New competition process praised

Commercial Activities Panel report

The Office of Management and Budget's plan to quickly but cautiously implement an improved process for agencies to compete with the private sector to perform commercial-like functions is drawing praise from agency and industry experts.

OMB is putting together an interagency task force to act on the recommendations released April 30 in a report from the congressionally mandated Commercial Activities Panel. Those recommendations are to first update and then replace OMB's Circular A-76, which sets the rules for determining whether the private sector can more efficiently perform a government service.

"This could be the foundation for some dramatic, significant improvements that are definitely needed, but [OMB] needs to make sure that they are very careful in the implementation," said Bill Roberts, a partner and co-chairman of the government contracts practice at the law firm of Wiley Rein and Fielding LLP in Washington, D.C.

The task force should have proposed revisions for A-76 ready within the next few months so that a final revision can be made by year's end, said Angela Styles, administrator of OMB's Office of Federal Procurement Policy and a member of the panel.

"I want to move as quickly as possible," she said.

However, the task force must carefully consider many details as agencies get involved in a process originally designed to govern competition for the private sector, she said (see box).

The panel's recommendations focus on moving from the cost comparison-based A-76 process to competition based primarily on best-value qualifications modeled after the Federal Acquisition Regulation (FAR), which details the rules for competition held among commercial companies submitting proposals in response to an agency's solicitation.

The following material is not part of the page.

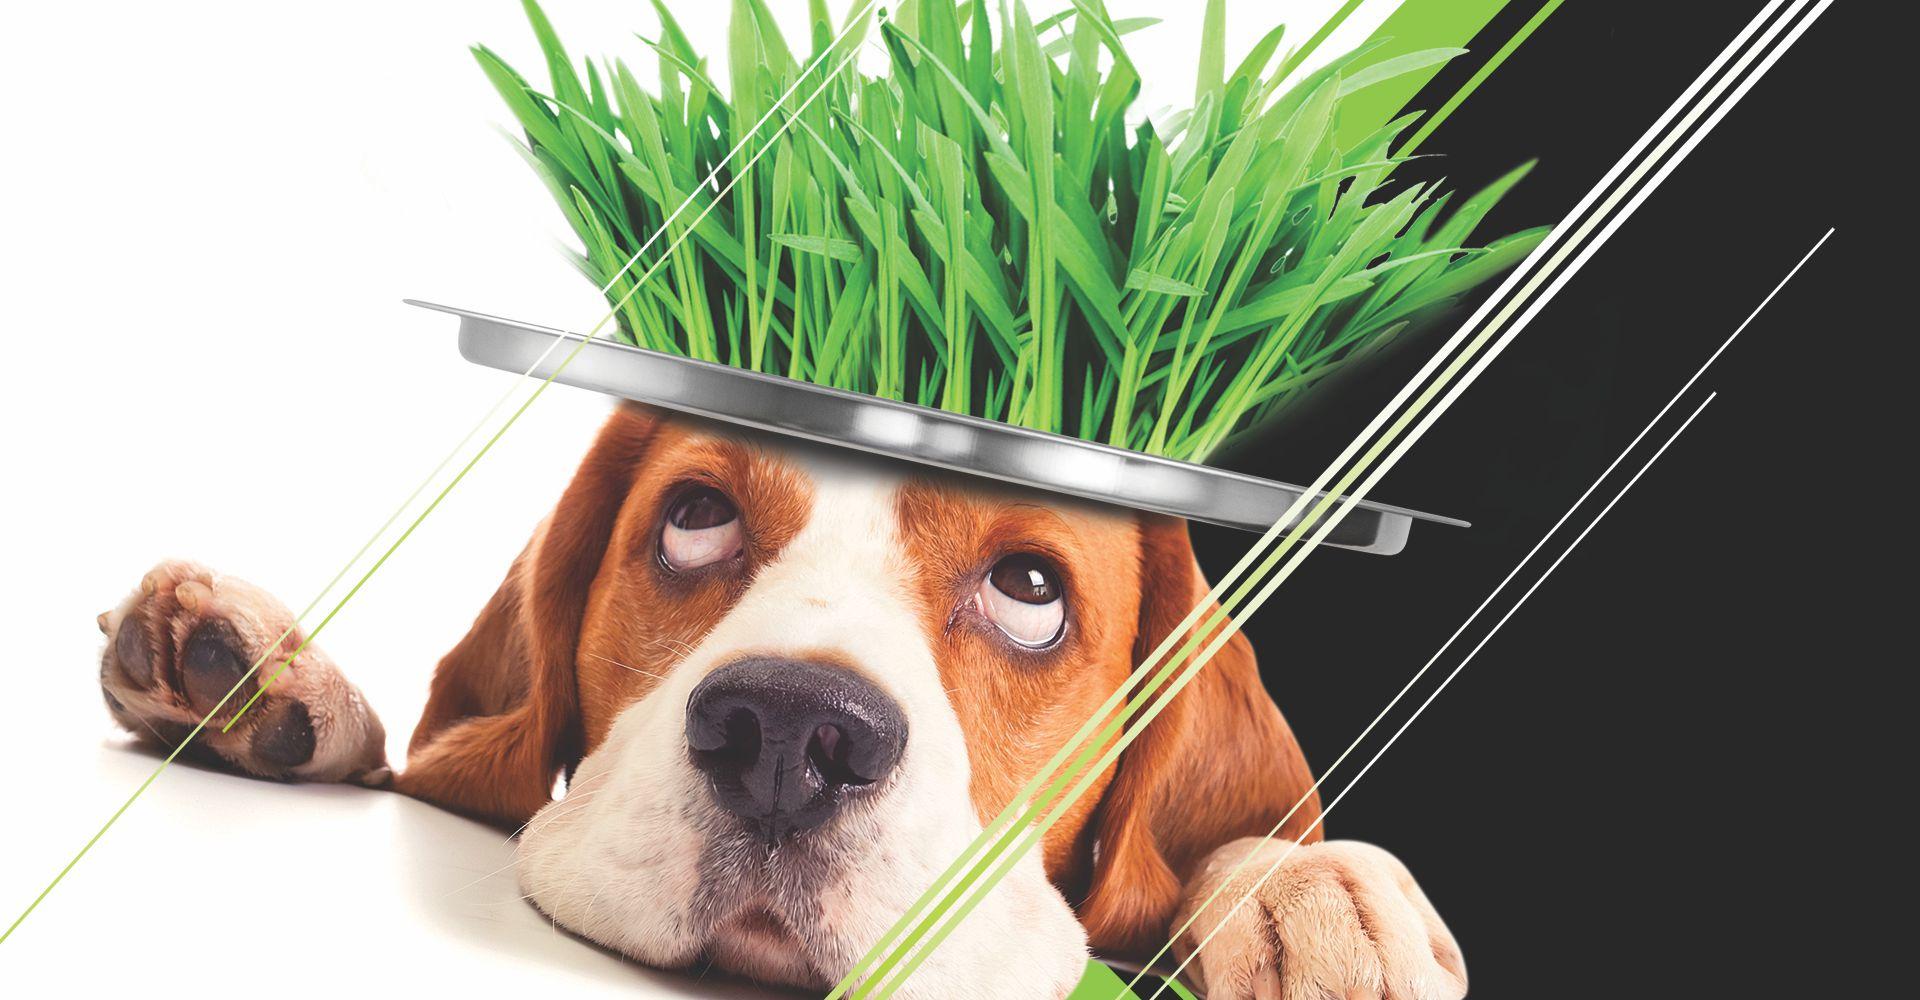 Animali domestici e erba sintetica: è una buona idea?

Changing to competition based on the FAR — even making minor modifications to the current circular for immediate use — can only improve agencies' ability to meet the competition requirements laid out by the Bush administration for the next two years, experts say.

Last year, the administration set the goal for agencies to seek bids on 5 percent of their commercial-like functions in fiscal 2002 and another 10 percent in fiscal 2003. Agencies have been working with OMB to put together the plans for these competitions, even though only the Defense Department has any recent experience using A-76, Styles said.

Moving to a FAR-type process will help counteract that inexperience, Roberts said.

"A-76 was so different from anything they were doing day-in and day-out, so few people had training," he said. The "training and knowledge of contracting officers is much better in the FAR area."

Agency contracting officials agreed that they have become much more comfortable with the flexibility to emphasize best value that the FAR and procurement reform have brought to the acquisition process.

The FAR "is a process that we have used, and one that we can continue to apply," said one civilian agency contracting official who asked not to be named.

Although DOD will be unable to move to the new process without legislative changes, one Pentagon official said that it is important for OMB to move quickly on the initial A-76 modifications because agencies are already so far into the fiscal 2002 competition process.

OMB does expect the changes to help meet the overall 15 percent target, but officials are working with agencies on a case-by-case basis, and the percentage goals are not arbitrary numbers that must be met at all costs, Styles said.

Despite the increased comfort level, inserting a government organization into a competition, particularly if the organization is the one currently performing the function, brings up many questions about making the process fair to all parties, Styles said.

"We want to ensure objectivity to the greatest extent that we can," she said.

Several agency officials agreed that OMB must consider the "guaranteed seat at the table" issue because the incumbent government provider of the service should clearly have some level of protection.

But if a competition is truly going to be fair, there should be no across-the-board guarantee, said Stan Soloway, another member of the panel, who is president of the Professional Services Council and former DOD deputy undersecretary for acquisition reform. The competition should really come down to whether the federal organization can match the requirements defined by the agency solicitation, just like any other offeror, he said.

The protest rights of agency employees and organizations likely will be tied into the same discussion, but the problem of accountability is a different matter, and one that stretches far beyond the task of updating the competition process, experts say.

The panel and almost every agency and industry official interviewed agreed that federal management of contract performance must improve. Mechanisms are already in place to measure vendors' performances after they win a contract, even if those methods are not always properly used, Styles said. But there are still few ways to measure the performance of a government organization after a competition is completed, she said.

"It creates a lot of confusion not having some sort of reporting and accountability," she said.

The Pentagon has a database, put together during the past few years, to track the performance of programs if the government wins the A-76 competition, but there is really no comparable tracking mechanism in civilian agencies, said Joseph Sikes, DOD's director of competitive sourcing and privatization. Even within DOD, officials are just beginning to be able to use the information in the database to hold program managers accountable, he said.

"It's very important to be able to compare public- and private-sector performance," Sikes said.


Fair competition under FAR

According to Angela Styles, administrator of the Office of Federal Procurement Policy, some of the questions the Office of Management and Budget must address when moving to a competition process based on the Federal Acquisition Regulation include:

* How far through the competition process is the federal offeror guaranteed participation?

* What are the protest rights of the federal employees and organizations?

* What structures are necessary to ensure performance accountability after the contract is awarded?